# Lime Spreader



## lyndon43 (Jun 10, 2005)

What is out there for spreading lime? I have both tractor & ATV.

Was looking at agrifab 175# capacity spreader. Not sure how effective it will be handling the lime.


----------



## ThumbBum (Oct 13, 2003)

There are a lot of options and what you do depends on several factors

1 How big a tractor, do you have a loader
2 How acessable and how large are your fileds
3 Are you going to buy bulk lime, bagged lime, or peletized lime
4 What are are you in

If your fileds are large and accesable and you have a local ag co-op then you might want to consider having thm spread the lime with specialized trucks. This is by far the easiest method and doesnt cost much more then buying bulk lime. 

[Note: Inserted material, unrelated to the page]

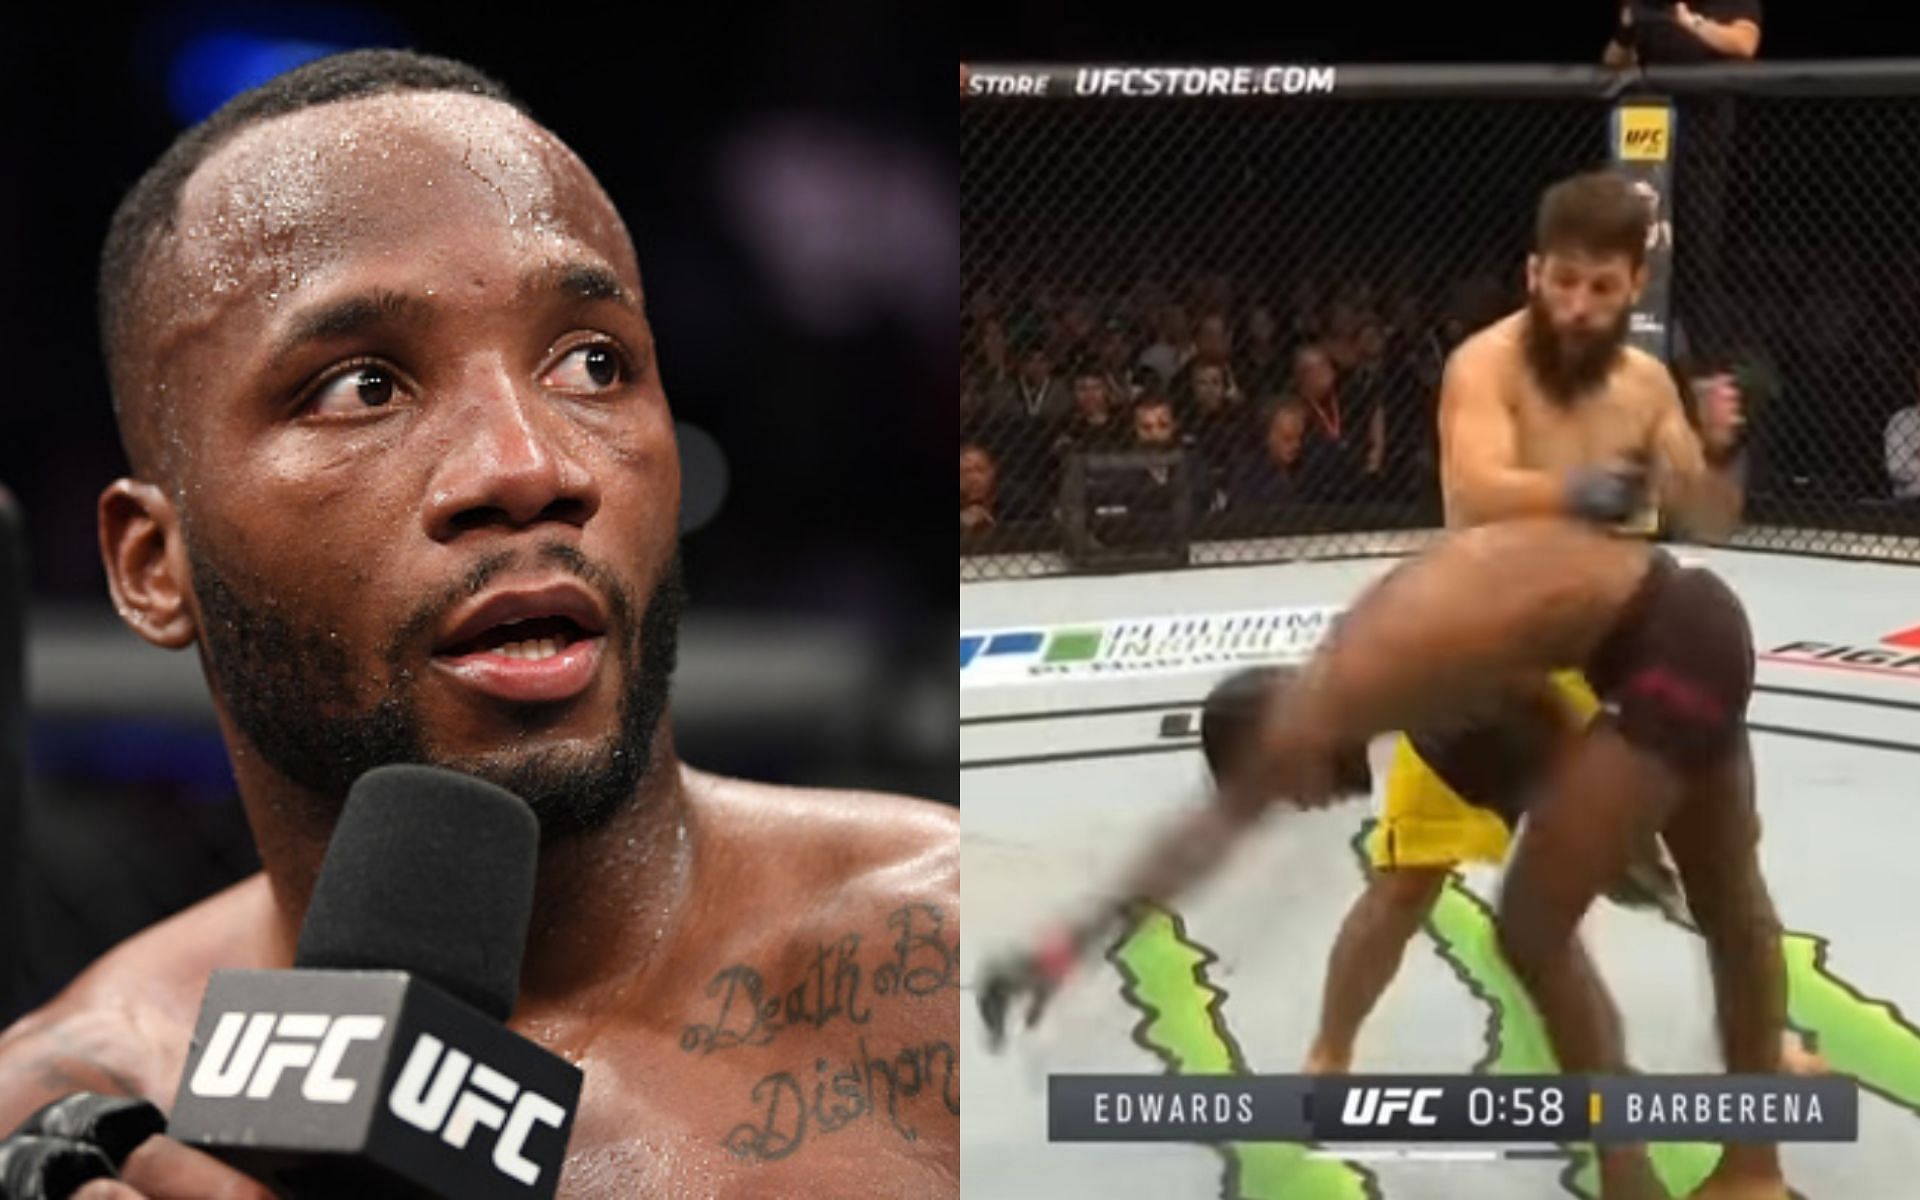 Leon Edwards (left, Image via Getty) and Bryan Barberena almost knocking Edwards out (right, Image via screenshot from YouTube video @TeamSigmaMale)

You can also rent a speader from the local co-op that can be pulled behind your tractor and powered with your PTO. These are ususally big units that hold 3-5tons of lime and require some decent horsepower to haul. In my case I pick up the spreader in town with my truck. They fill it and I haul it back to my property where I hook it up to my tractor and get to work. I have to re-attach to my truck and drive back to town every time I need it refilled. DIstance is a factor here because the spreader has no brakes and no lights so 25mph is about the maximum over the road speed. The up side is they let me use the spreader for free as long as Im buying lime, the down side is travel, loading, and hookup time is 2-3 times actual spreading time and you have to work within the hours the co-op is open and the avaialbilty of the spreader. I ususually take a day off work to do this. There is also some hazzard associated with the transport and hooking up of a piece of equipment that size. You could get around the travel issues of you have a loader and just have the co-op send out a dump truck with all the lime you need. But there is another charge involved. 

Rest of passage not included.